気象用語集:

勤労感謝の日 (きんろうかんしゃのひ)

11月23日に定められた国民の祝日。
法律では「勤労をたっとび、生産を祝い、国民たがいに感謝しあう」ことを趣旨としている。
かつては「新嘗祭(にいなめさい)」と呼ばれる、収穫祭に相当する行事が全国の神社で行われた日。「新嘗」とは、その年に収穫された新しい穀物を意味し、新嘗祭は、新穀を得たことを神さまに感謝し、祝う大祭。
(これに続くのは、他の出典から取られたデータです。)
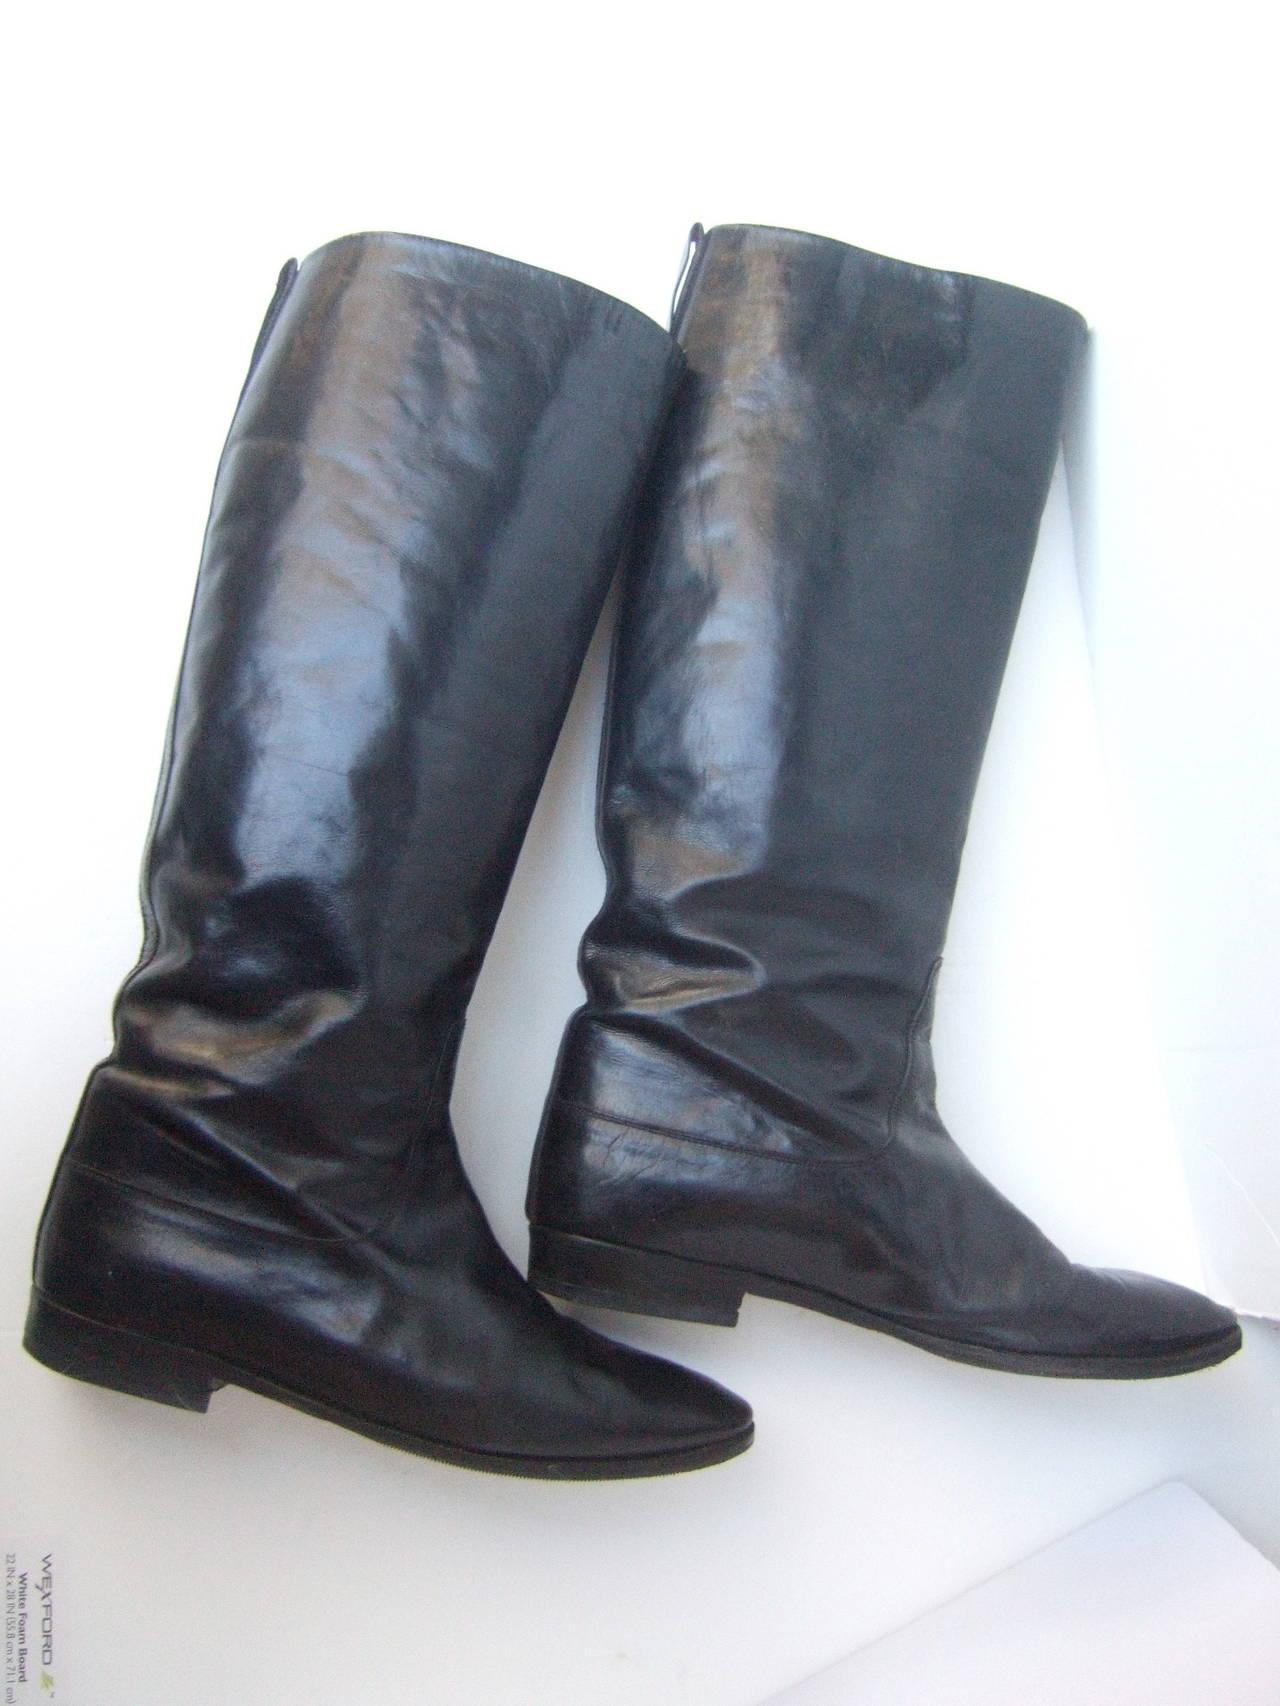 Gucci Black Leather Vintage Riding Boots C 1980s Size 38 5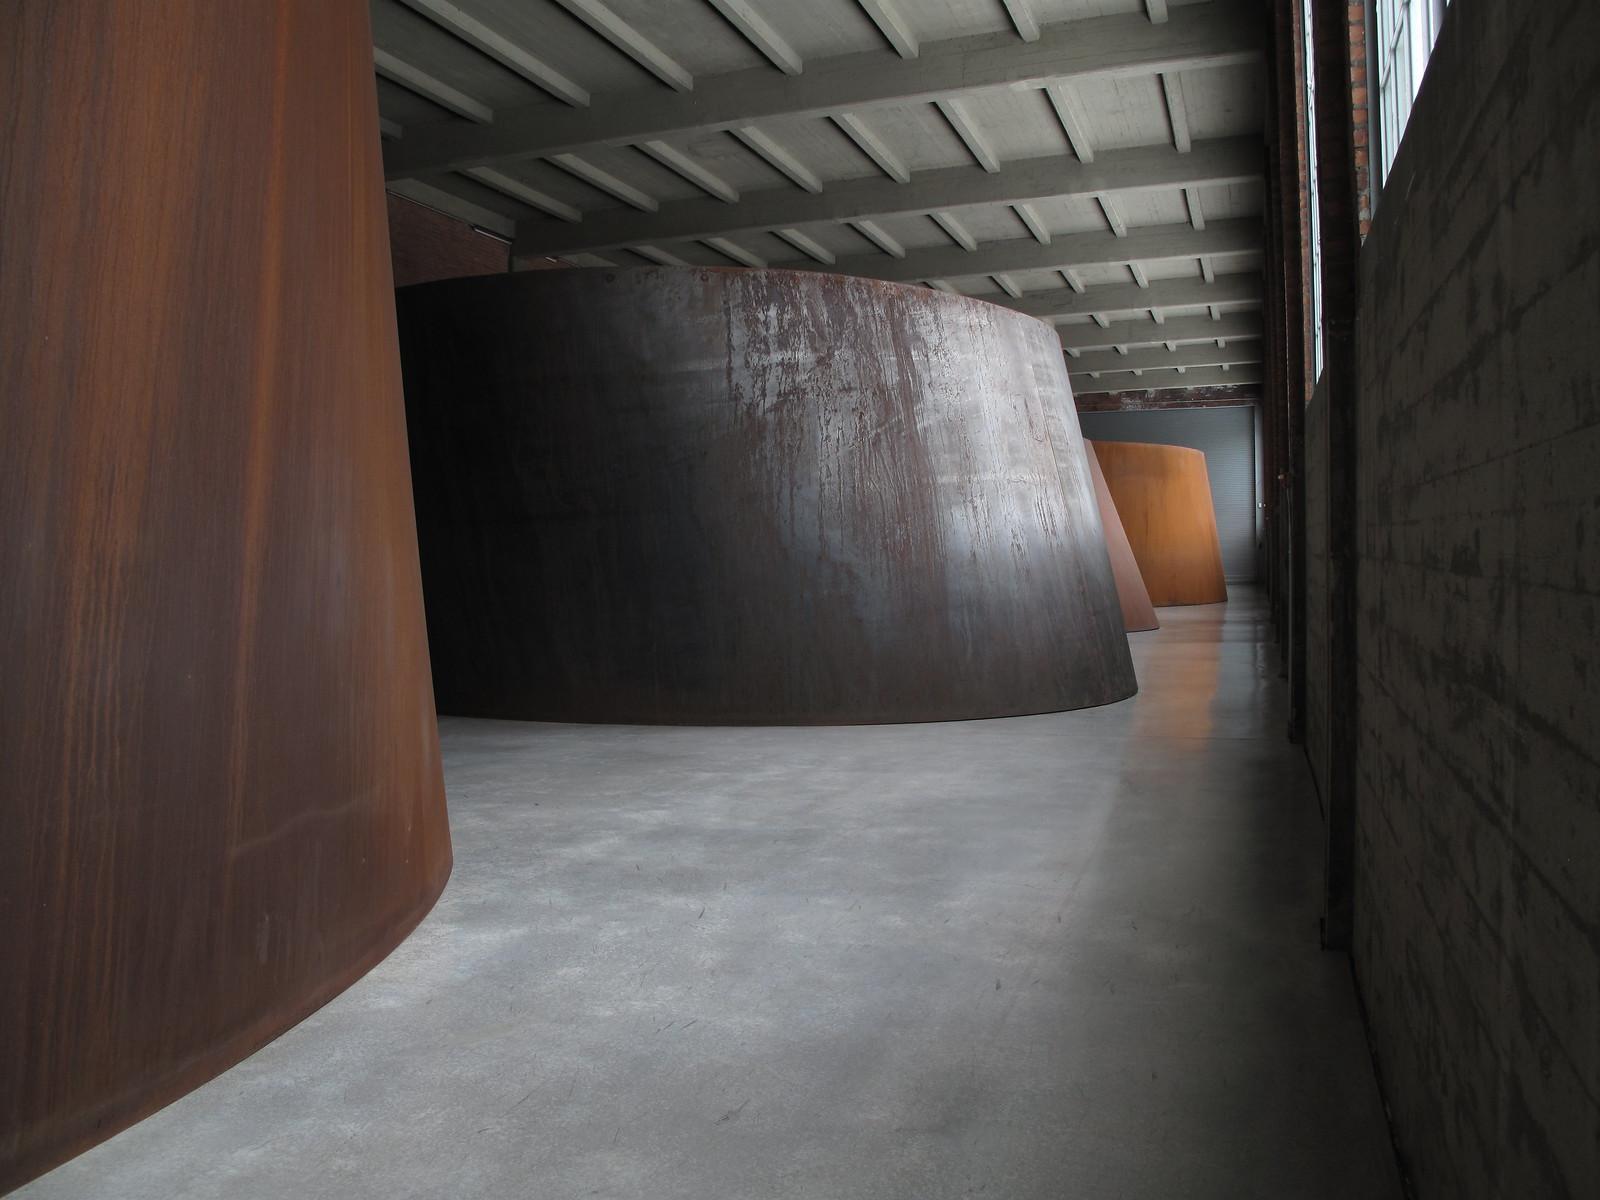 Torqued Ellipses Richard Serra Richard Serra Torqued Ellipses

『日本書紀』にも記述があるほど古来から伝えられてきた。宮中では天皇が感謝をこめて新穀を神々に奉納し、自らもそれを食する。農業、特に稲作を暮らしの中心に置く日本ではたいへん重要な行事のひとつ。
明治時代に入ると、新嘗祭は11月23日に固定され祝日化されたが、戦後のGHQ占領政策において、国家神道色の強いものとして危険視され、改められたのが「勤労感謝の日」である。
「勤労感謝の日」は、アメリカのレイバーデー(Labor Day)と、感謝祭(Thanksgiving)の性格を併せた趣旨で、GHQによって考案された。
新嘗祭は、現在も宮中祭祀として存続して行われている。